Colon's doctor did not expect the treatment to work, at least not nearly as well as it did. He signed a minor league deal with the Yankees before the 2011 season and made the team, earning a $900,000 salary. In 164.1 innings over 26 starts and three relief appearances, he had a respectable 4.00 ERA and 107 ERA+.

From there, he signed with the Oakland A's, though he got just a one-year, $2 million contract for 2012. He pitched well through 24 starts for Oakland, but he was suspended for 50 games late in the season for testing positive for testosterone, a banned substance in MLB.

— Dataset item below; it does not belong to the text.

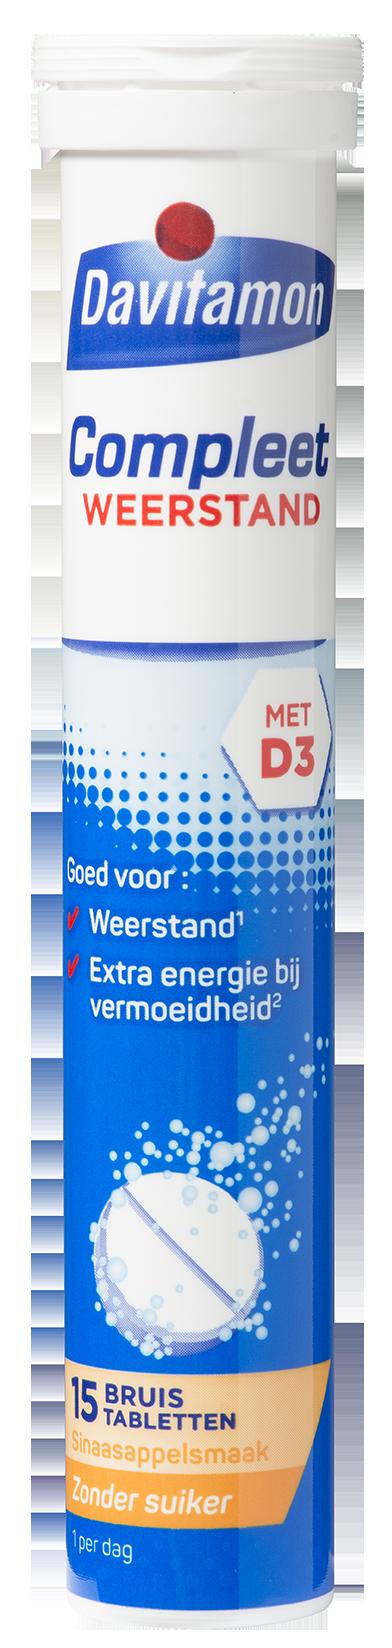 Davitamon Compleet Weerstand Bruistabletten Product
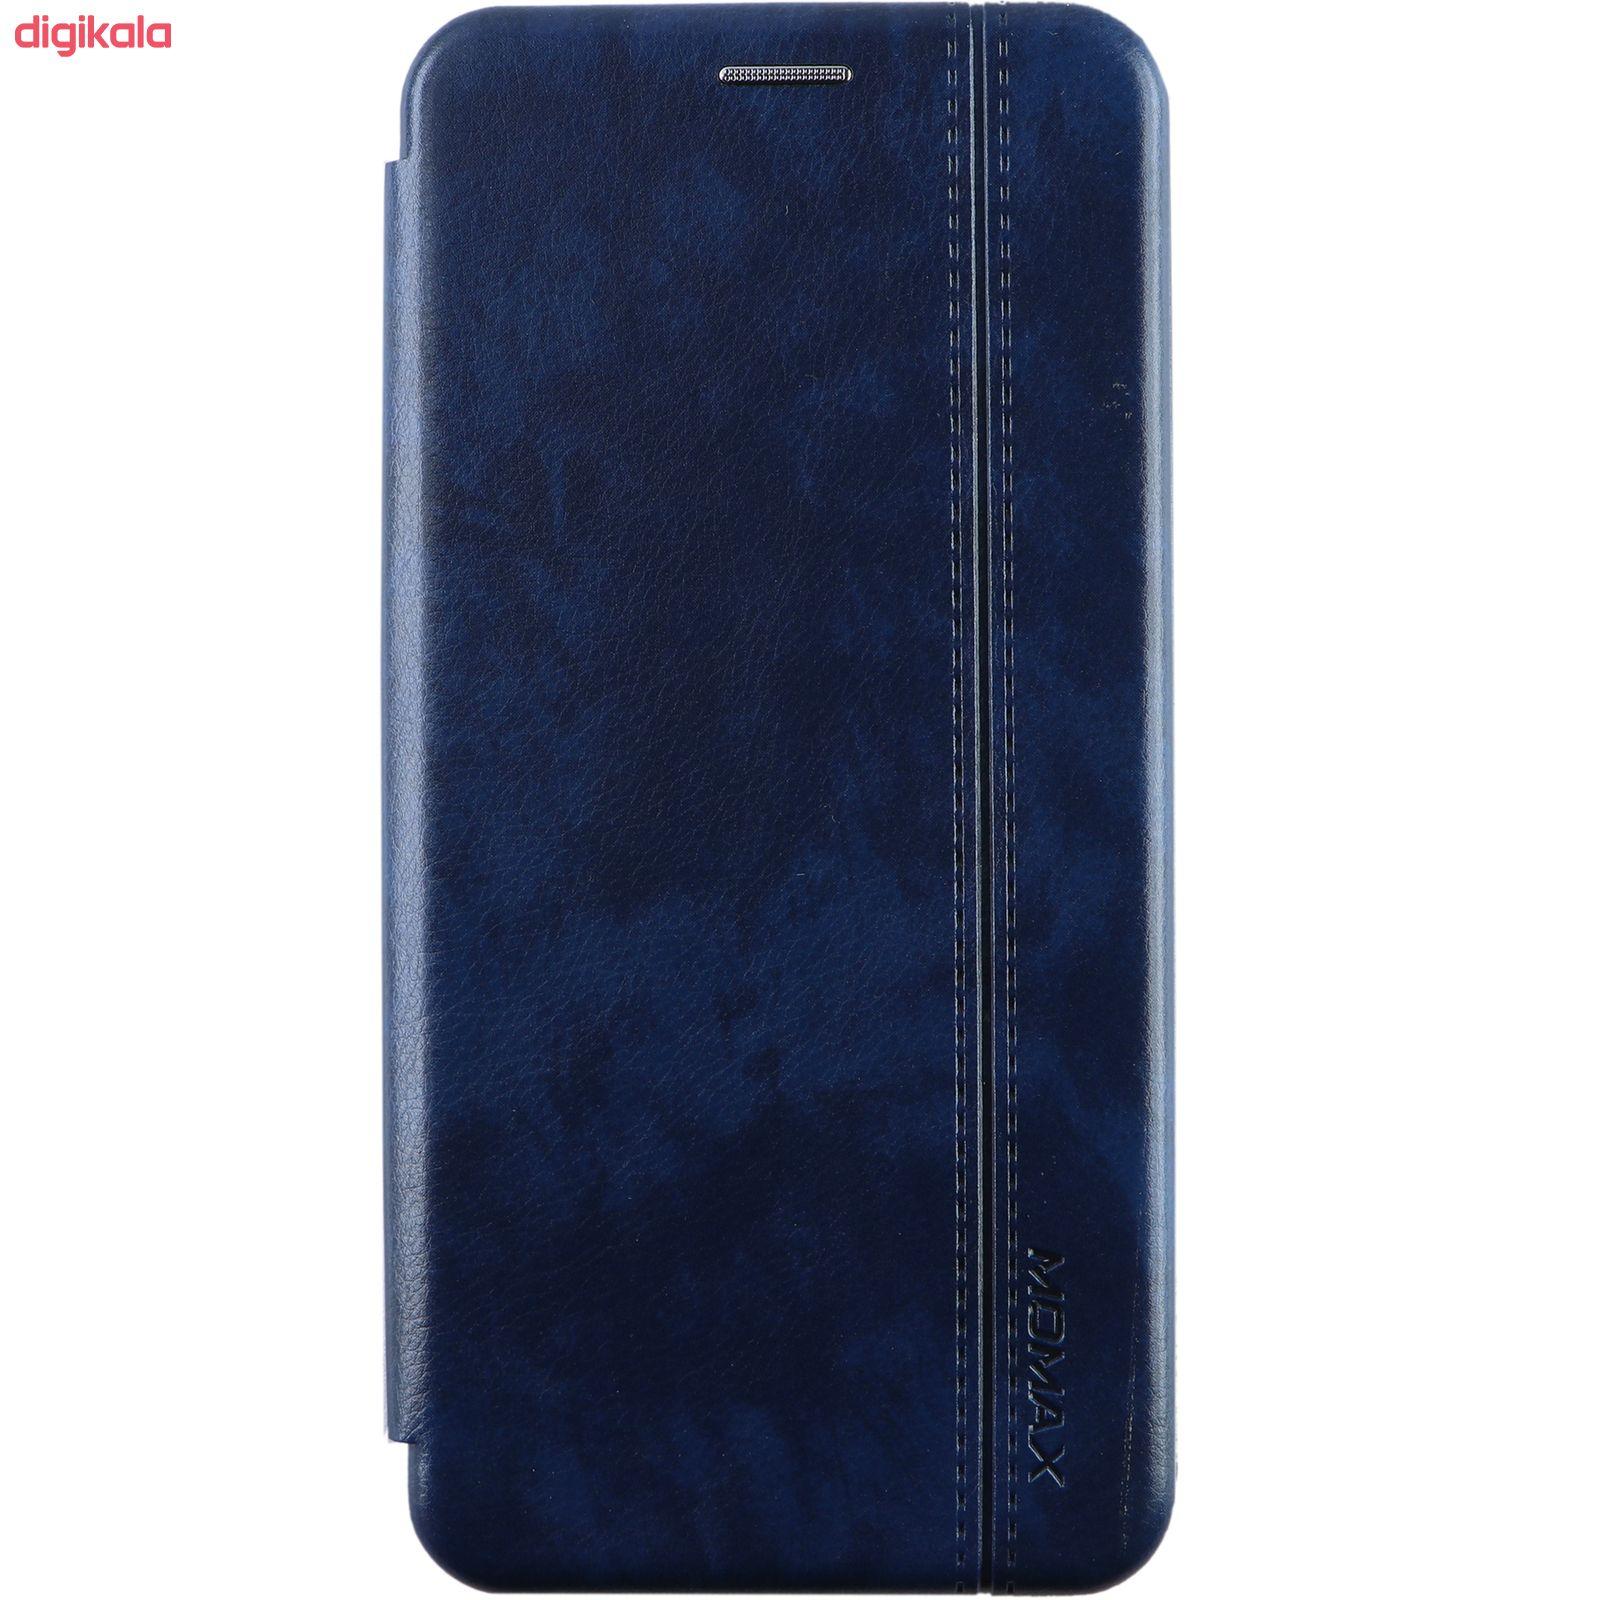 کیف کلاسوری مدل TX-818 مناسب برای گوشی موبایل هوآوی Y9 Prime 2019 / آنر 9X  main 1 5

Despite the suspension, Oakland re-signed him after the season on another one-year deal, this time with a $3 million base salary and a maximum of $2 million more in incentives. He made 30 starts, threw 190.1 innings, and had a 2.65 ERA last year.

Looking at the data on Colon's pitches over at Brooks Baseball, not much has changed in terms of Colon's style of pitching. Before and after his lost year in 2010, Colon relied almost exclusively on fastballs, throwing a sinker the majority of the time but also relying on a four-seam fastball. Over the last three seasons, a handful of his pitches have been identified as cutters, which can be lumped in with the other fastballs.

Across both periods, Colon threw a fastball about 85 percent of the time. Classifying all of those fastballs as one pitch might be misleading, though. Former teammate and catcher Derek Norris told MLB.com that Colon has "like nine different fastballs."

And there's no doubt that one of Colon's greatest strengths of late has been his walk rate. At 1.37 per nine innings, Colon was second only to Cliff Lee among qualified starting pitchers over the past two seasons.

Although it's not likely Colon would have been signed by the Mets if Matt Harvey were healthy, perhaps he will fill the void that was left when Dickey was traded away: an old pitcher who relies heavily on one pitch, doesn't walk many opponents, and is signed through the 2015 season. If Colon provides even close to the value that Dickey did in his time with the Mets, he'd be very much worth his contract.